== TASK PROMPT ==
Drop the pictures and restate the rest of the listing word for word.

== DATA SECTION ==
[Start of Attachment]

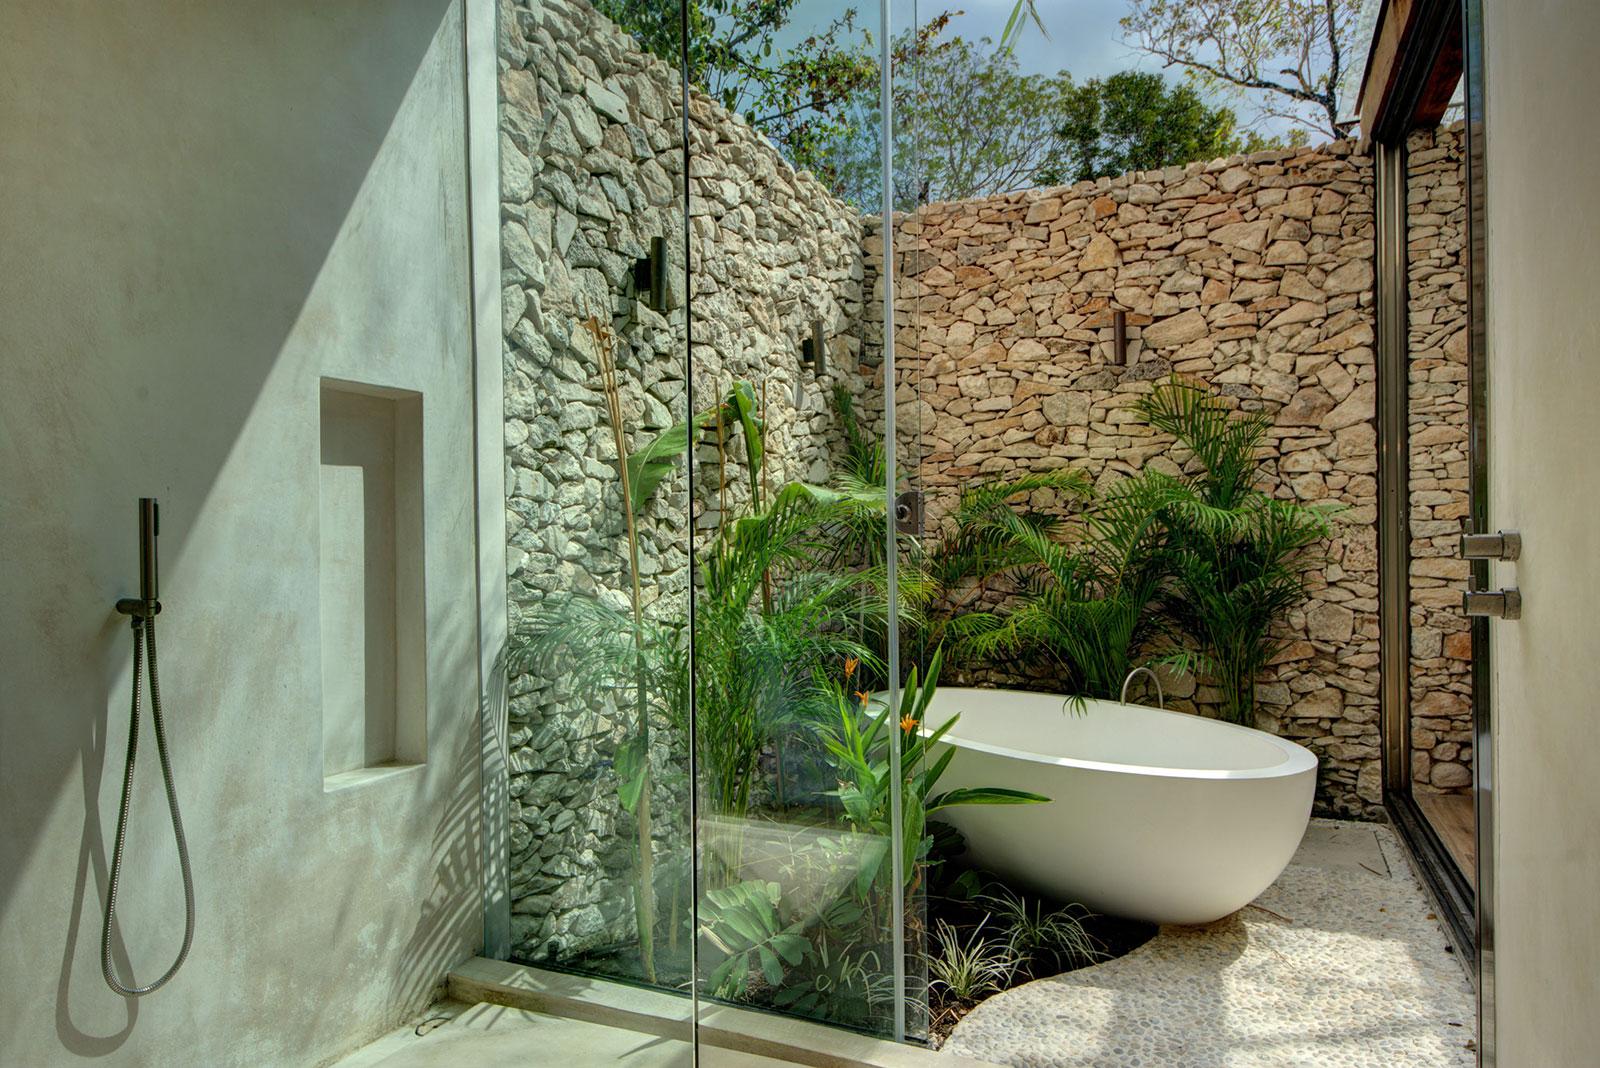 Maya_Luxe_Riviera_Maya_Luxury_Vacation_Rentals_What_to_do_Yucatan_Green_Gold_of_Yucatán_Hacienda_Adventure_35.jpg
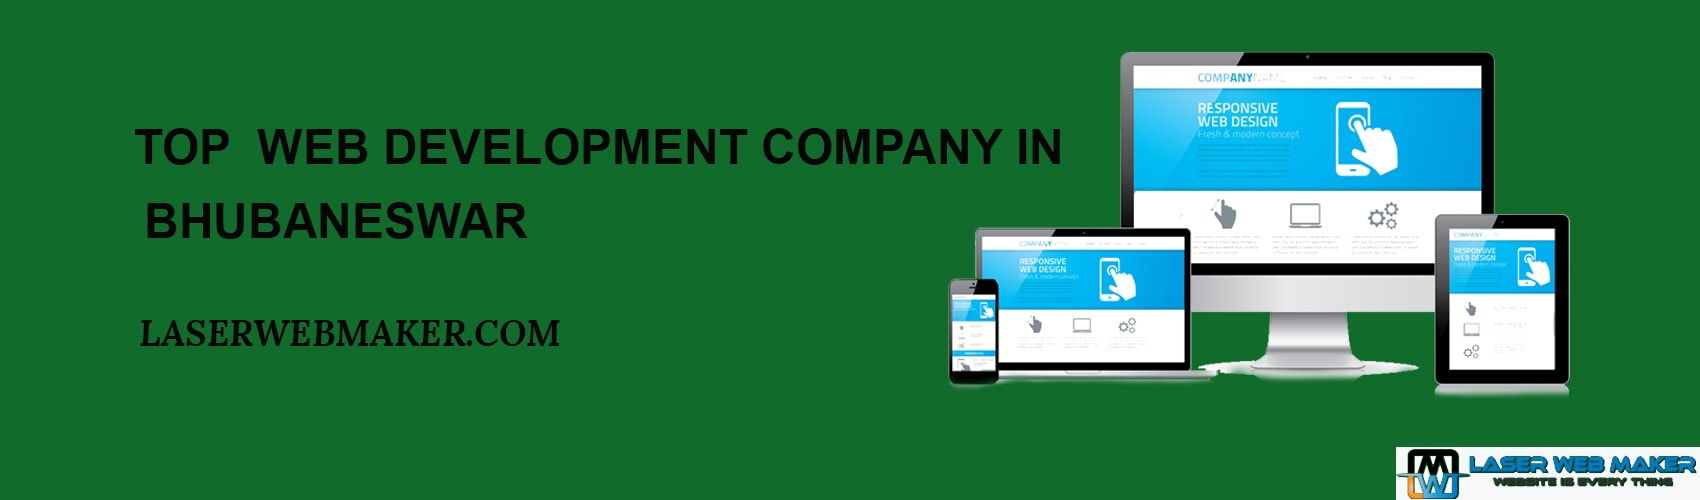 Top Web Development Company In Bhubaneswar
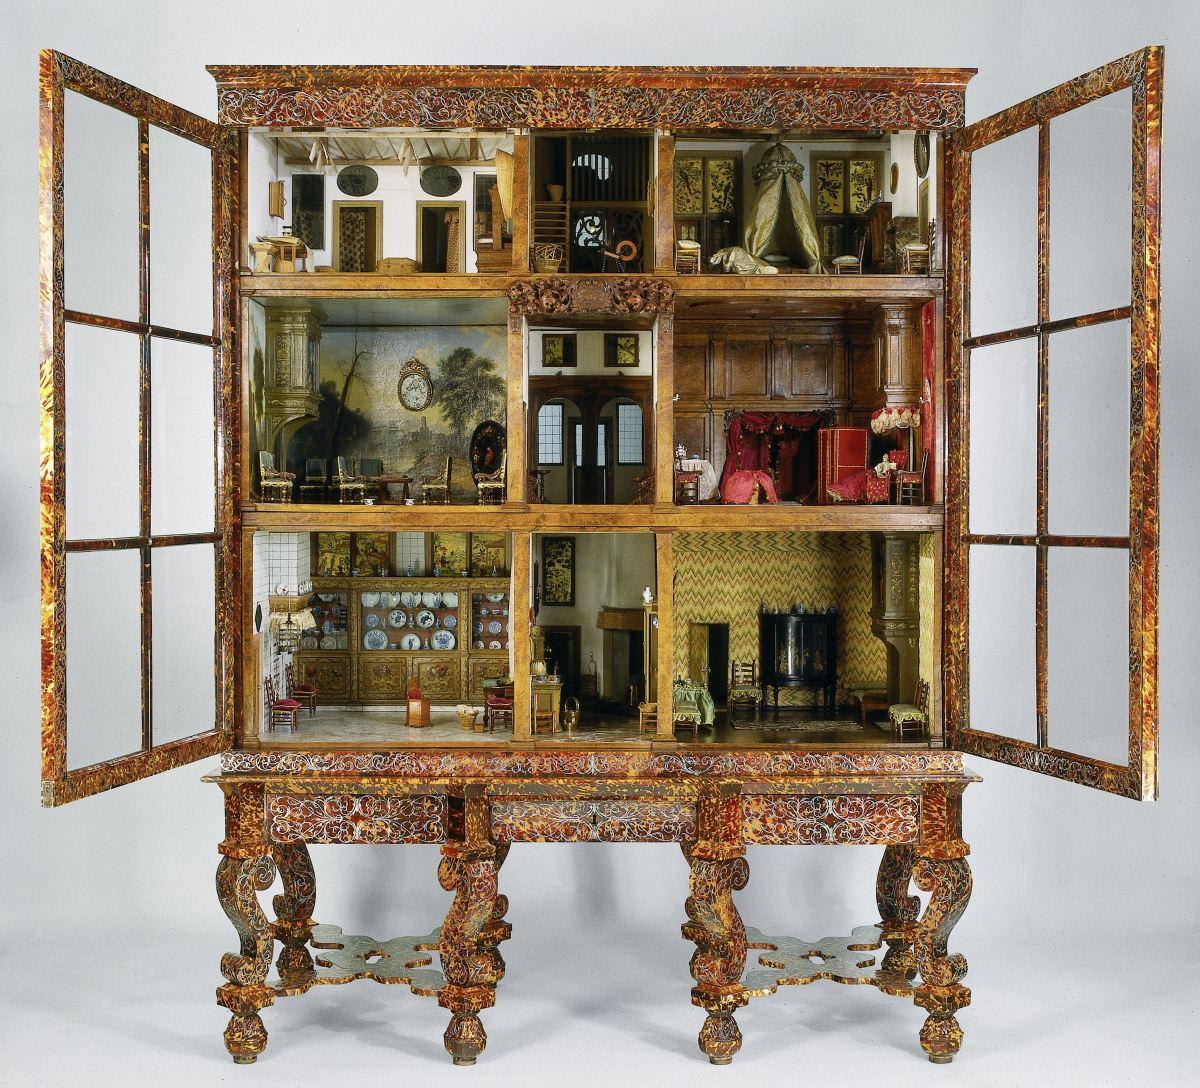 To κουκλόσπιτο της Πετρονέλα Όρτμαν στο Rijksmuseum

[End of Attachment]

== EXERCISE RESULT ==
 Maya_Luxe_Riviera_Maya_Luxury_Vacation_Rentals_What_to_do_Yucatan_Green_Gold_of_Yucatán_Hacienda_Adventure_35.jpg
 Top Web Development Company In Bhubaneswar
 To κουκλόσπιτο της Πετρονέλα Όρτμαν στο Rijksmuseum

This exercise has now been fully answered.